🤖 AI Summary
String constraint solving faces a fundamental trade-off between expressiveness, efficiency, and strategy complexity. Method: This paper proposes a generic solving framework based on regular-language preimage and postimage propagation: it iteratively computes the preimages/postimages of regular constraints under string operations (e.g., concatenation, replacement) to progressively narrow variable domains and determine formula satisfiability. Contribution/Results: We establish, for the first time, theoretical completeness and correctness of this approach for the most expressive decidable fragment of string constraints known to date. Technically, we implement symbolic regular propagation and integrate it into the open-source solver OSTRICH. Experimental evaluation on random Post Correspondence Problem (PCP) and bioinformatics benchmarks demonstrates substantial performance gains over state-of-the-art solvers, validating both theoretical soundness and practical applicability.
📝 Abstract
The past decade has witnessed substantial developments in string solving.
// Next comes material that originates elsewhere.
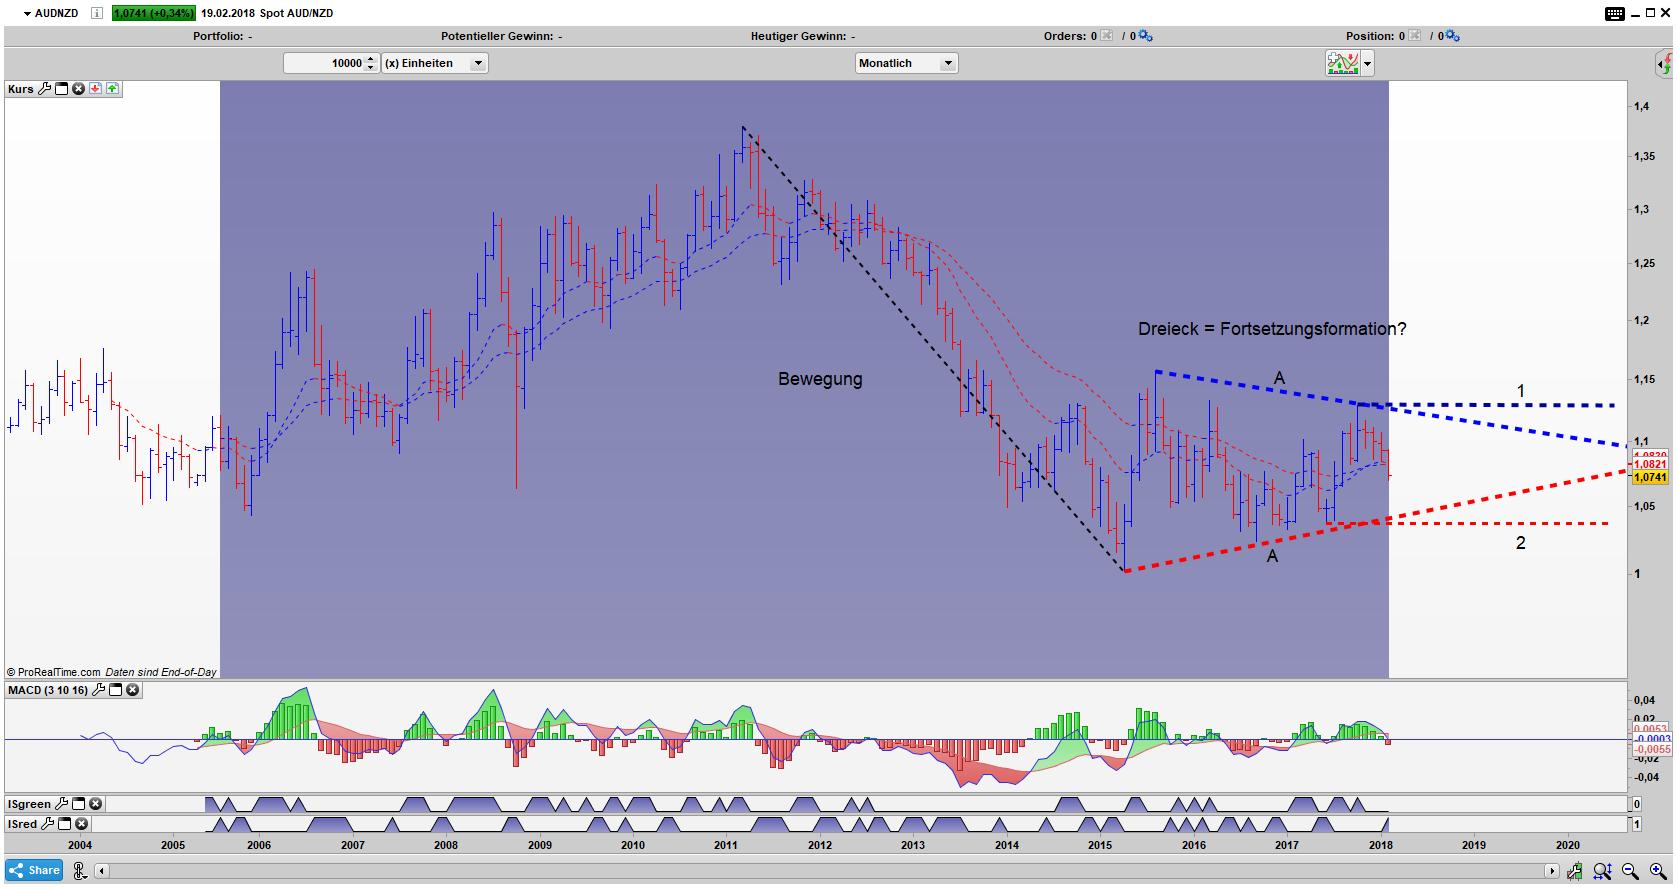 AUD/NZD Bar Monats Chart: Nach der Bewegung, Korrektur in Form eines Dreiecks

Motivated by the complexity of string solving strategies adopted in existing string solvers, we investigate a simple and generic method for solving string constraints: regular constraint propagation. The method repeatedly computes pre- or post-images of regular languages under the string functions present in a string formula, inferring more and more knowledge about the possible values of string variables, until either a conflict is found or satisfiability of the string formula can be concluded. Such a propagation strategy is applicable to string constraints with multiple operations like concatenation, replace, and almost all flavors of string transductions. We demonstrate the generality and effectiveness of this method theoretically and experimentally. On the theoretical side, we show that RCP is sound and complete for a large fragment of string constraints, subsuming both straight-line and chain-free constraints, two of the most expressive decidable fragments for which some modern string solvers provide formal completeness guarantees. On the practical side, we implement regular constraint propagation within the open-source string solver OSTRICH.
Our experimental evaluation shows that this addition significantly improves OSTRICH's performance and makes it competitive with existing solvers. In fact, it substantially outperforms other solvers on random PCP and bioinformatics benchmarks. The results also suggest that incorporating regular constraint propagation alongside other techniques could lead to substantial performance gains for existing solvers.